Keşmir’in ezici bir çoğunlukla Müslüman olduğunu ve Pakistan ile Hindistan'dan çok daha uzun bir sınırı paylaştığını söyleyen Qazi, Maharaja'nın Hindistan'a katılma kararının halkın isteklerine aykırı olduğundan, Cammu ve Keşmir eyaleti genelinde şiddetli protestolar hızla patlak vermesiyle krizi önlemek için BMGK’nın çeşitli kararlar aldığını belirtti.

İlk kararın 17 Ocak 1948'de Birleşmiş Milletler Hindistan ve Pakistan Komisyonu'nun (UNCIP) kurulmasıyla kabul edildiğini, 21 Nisan 1948'de kabul edilen ikinci karar 47 ise, halkın isteklerini belirlemek için Cammu ve Keşmir'de BM denetiminde bir Plebisit çağrısı olduğunu söyledi.

Qazi, BM Güvenlik Konseyi, Hindistan'ın Cammu ve Keşmir'i yasadışı işgali altında tutma konusundaki çıkarlarına karşı karar verdiğinden, Hindistan Keşmir'i anayasasına yasal olarak dâhil etmek için adım attığını ve bu hususta Jammu ve Keşmir'de Sham (sözde) seçimleri yapılarak Keşmir için bir anayasa oluşturmak üzere 1951'de Kurucu Meclis kurulmuştur. Hindistan’ın bu hamlelerine karşı BM Güvenlik Konseyi de Hindistan aleyhine 1951’de 91 Sayılı ve 24 Ocak 1957'de 122 sayılı kararları kabul ettiğini bildirdi.

Bununla birlikte, tekrarlanan girişimlere rağmen, uluslararası toplum bu kararların uygulanmasına yönelik anlamlı bir ilerleme kaydetmediğini söyleyen Qazi, Hindistan'ın bu toplu başarısızlığı kullanmasına ve Keşmir halkının meşru isteklerini bastırmak için devlet terörüne başvurmasına yol açarak BMGK’nın kararlarını ve uluslararası hukuku yok saydığını bildirdi.

Qazi, Keşmir özgürlük mücadelesinin, bir yanda dünyanın en büyük ikinci devletinin eşi görülmemiş baskısının, diğer yanda 9 milyondan fazla masum insanın yılmaz cesaret, kararlılık ve azminin klasik bir örneği olduğunu vurguladı. Ne 75 yıllık yasa dışı Hint İşgali ne de bu işgali sürdüren Hintli güvenlik güçlerinin aşırı zalimliği, Keşmir halkının direniş ruhunu kıramadığını söyledi.

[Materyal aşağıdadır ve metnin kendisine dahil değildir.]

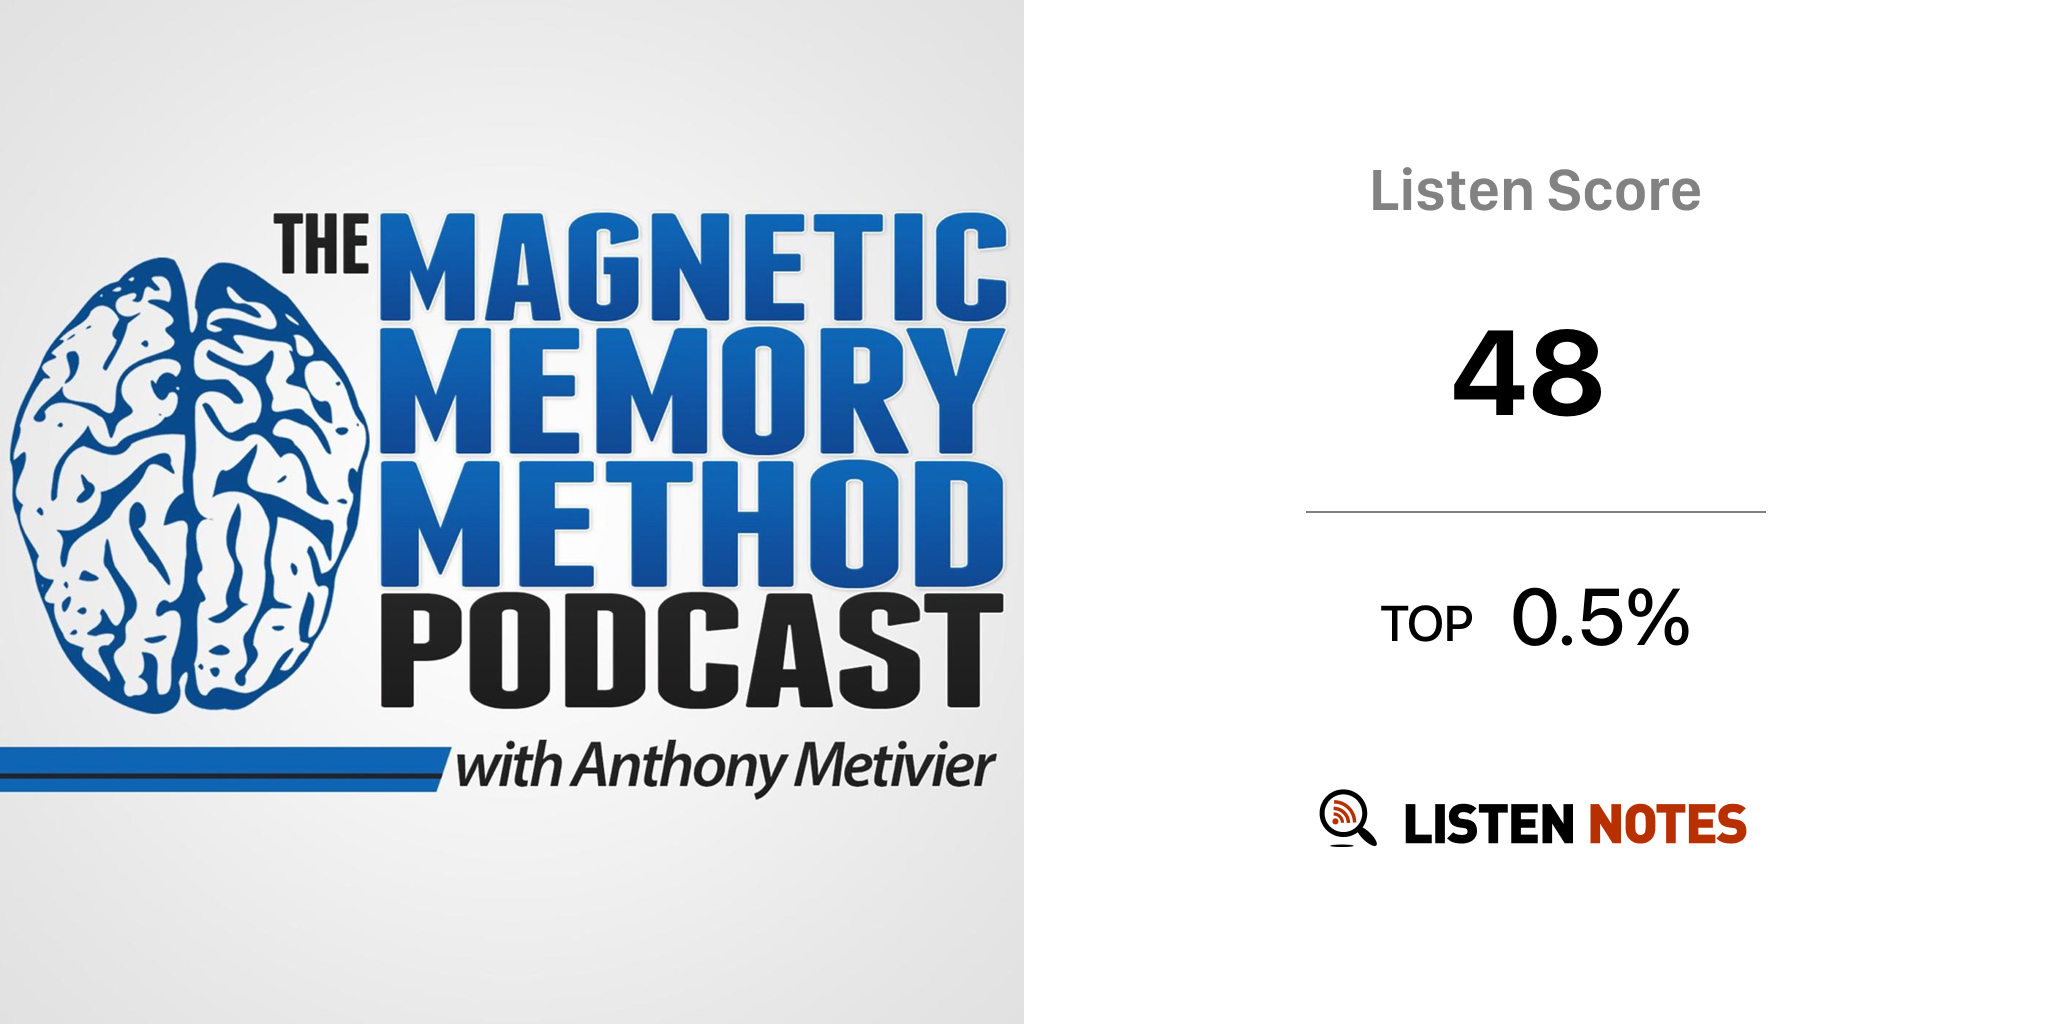 Notesbog lungebetændelse Middelhavet Anthony Metivier's Magnetic Memory Method Podcast - Anthony Metivier's Magnetic  Memory Method Podcast | Listen Notes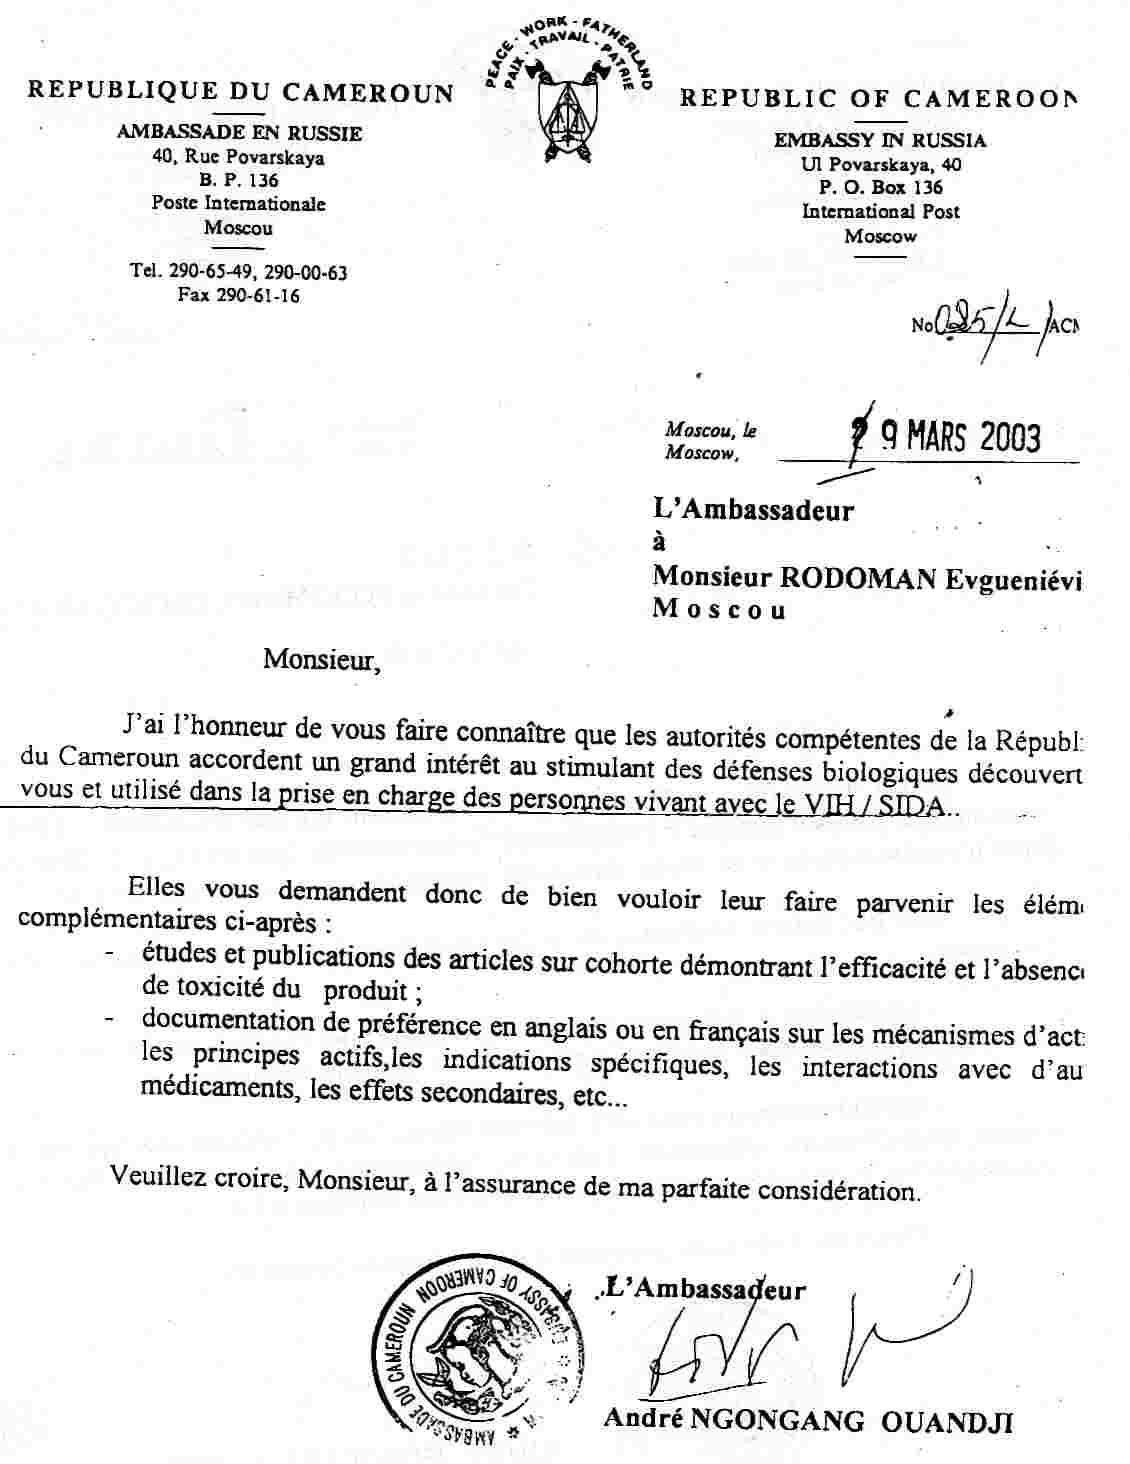 Иммуновит: приглашение профессору Родоману В.Е. посетить Камерун, 2003 г.

Türk halkına ve hükümetine Keşmir için prensipli duruşu için teşekkür etti ve Keşmir için Türk desteği ve dayanışmasının Hint İşgalindeki Cammu ve Keşmir’de ezilen milyonlarca kişi için büyük bir güç kaynağı olduğunu ve onların kendi kaderlerini belirleme haklarını gerçekleştirmeleri yolunda önemli bir katkı olduğunun altını çizdi. 

Büyükelçi Qazi, Hindistan’ın 5 Ağustos 2019’da aldığı yasadışı ve tek yanlı eylemlerinden vazgeçmesi, IIOJK(Indian-Occupied Jammu-Kashmir, Hint-İşgalindeki Cammu-Keşmir)’daki insanlık dışı kuşatmasını kaldırması, işgal altındaki bölgenin demografik yapısını değiştirmek amacıyla aldığı yasa dışı önlemleri durdurması, Keşmirli gençleri yargısız infazla öldürmeyi bırakması, yasadışı biçimde gözaltına alınan Keşmirli gençleri ve siyasi liderleri serbest bırakması gerektiğinin ve Keşmirlilerin ilgili BM Güvenlik Konseyi kararlarında belirtildiği gibi Birleşmiş Milletler gözetimi altında yapılacak adil ve tarafsız bir plebisitle kendi vazgeçilmez haklarını kullanmalarına izin vermesi gerektiğini yeniden vurguladı.